As the common folk increasingly engaged themselves in the support of these organisations, the members started openly preaching about nationalist sentiments, often keeping a picture of Gandhi as a shrine. Having defied a warning from the police earlier, Putalimaya in 1942 organised a massive procession with other Congress members, to be eventually arrested. Although her health deteriorated, she went against her parent’s wishes to continue with her active role in the movement. Even after independence, she continued to work as a social activist and a member of the congress party. Popularly called “Mataji‟, she was respected by all, especially the downtrodden to whom she dedicated her very own life. She rightfully deserved the titles, honours and awards bestowed upon her.
Fierce Women Of The Hills
Despite their bold and flamboyant personalities, they didn’t join the nationalist struggle unscathed and smoothly. As women of a conservative society, they had to fight and overcome a dual system of oppression – one was, of course, the colonial rule, and the other was the social control upon the fairer sex situated upon cultural and casteist hegemony. Uneducated, and forced into same-caste child marriage, women had no agency even in the domestic sphere. Yet, these two phenomenal women managed to tackle these obstacles cultivating an awareness that led them to question their social tethering and further curate a perspective on wider socio-political problems.

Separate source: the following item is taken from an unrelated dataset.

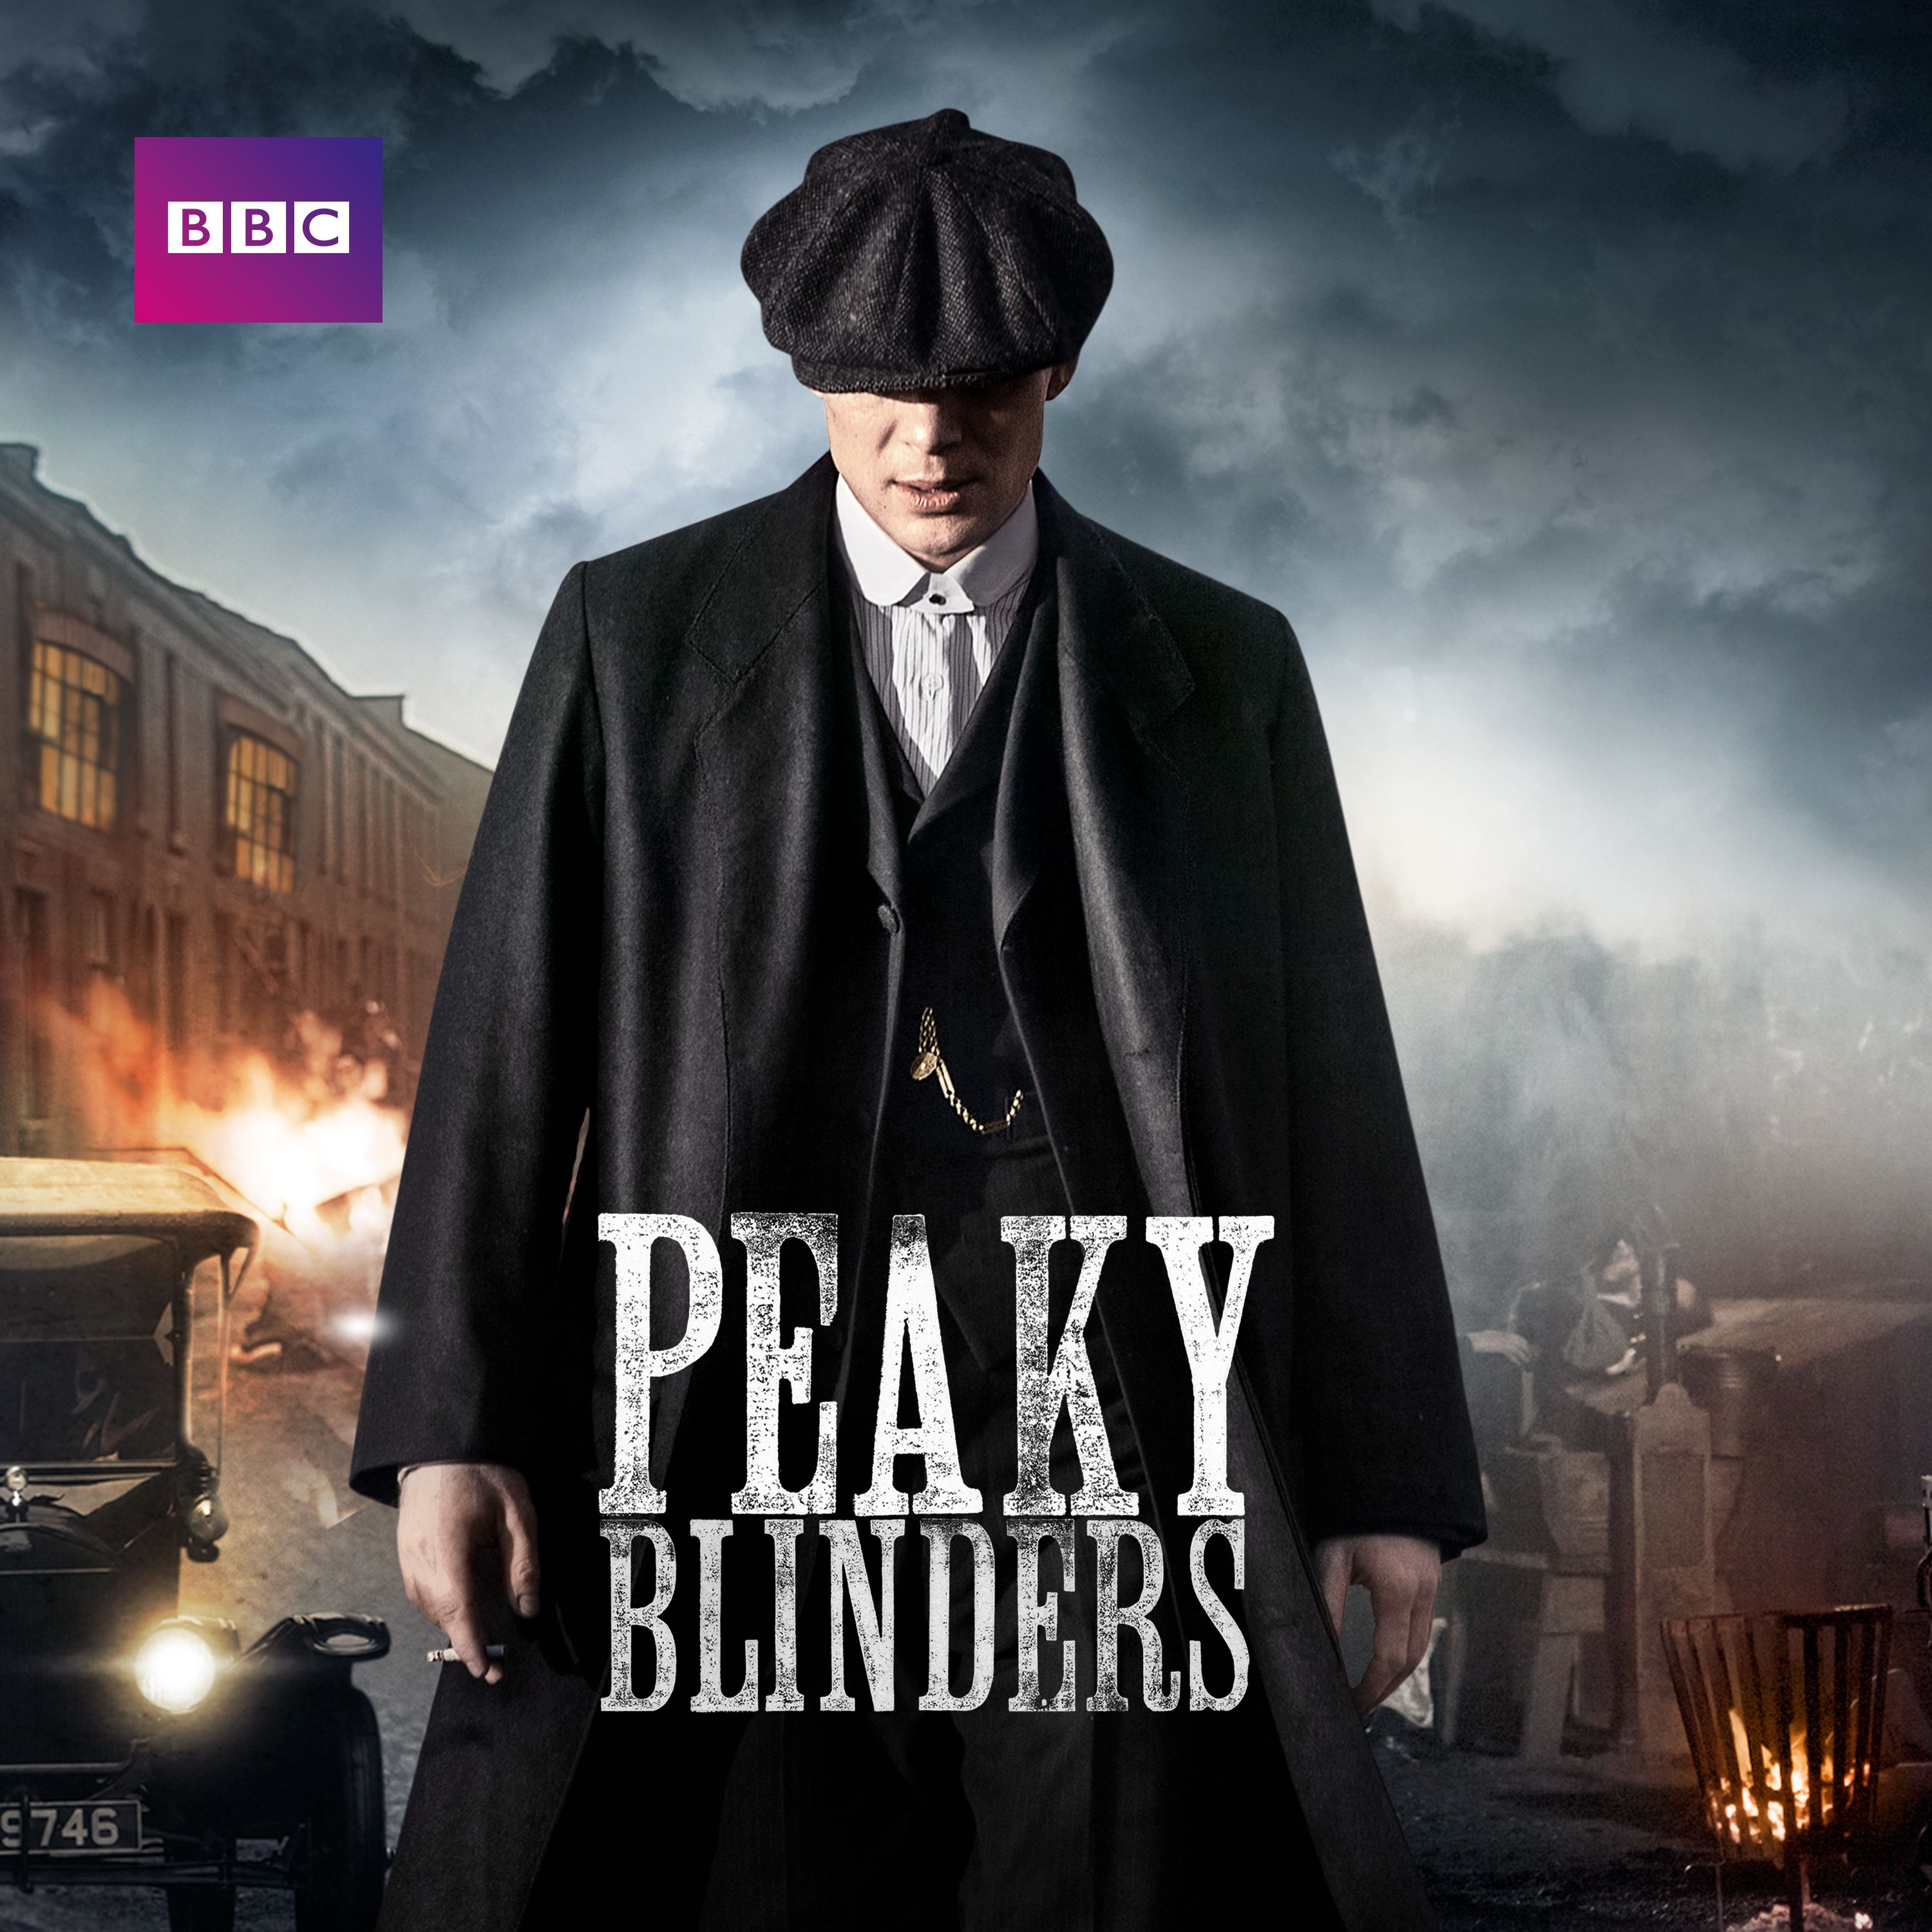 Peaky Blinders: Season 4 - TV on Google Play

Staying true to her cause, Putalimaya is said to go against her parents’ wishes of what a woman should do, further breaking constraints that restrict the growth of a woman as a political being. Sabitri Devi is said to have been married to a Muslim man, Ishan Ahmed, with whom she encoded messages for Netaji in the bread manufactured by his bakery. Putalimaya was married to Surya Prasad Poddar, against which there was a loud outcry from her parents and the public, as she had decided to marry a Bihari.
This “audacity” was dramatised by a mob surrounding the wedding venue (a library) with Khukuris (Nepali dagger) in their hands. Despite the stringent rules about marriage, both the women decided to fight against the norm and shed their bondages to a society which asked them to behave, marry, and menstruate in a certain way.
There may have been many women who silently contributed to the freedom struggle, but, alas, we may never know. This historiographical invisibility of women is distressing, as women of the present have a blank canvas of understanding about their past achievements and their future possibilities. This marginality of participation becomes almost nil as mainstream history textbooks only acknowledge the efforts of the privileged women, and ignore contributions of some due to the remoteness of their ethno-geography. While these women never tried to make history just to be recorded in the books, one must think about the women who have the same dream, yet must chart the waters without a map.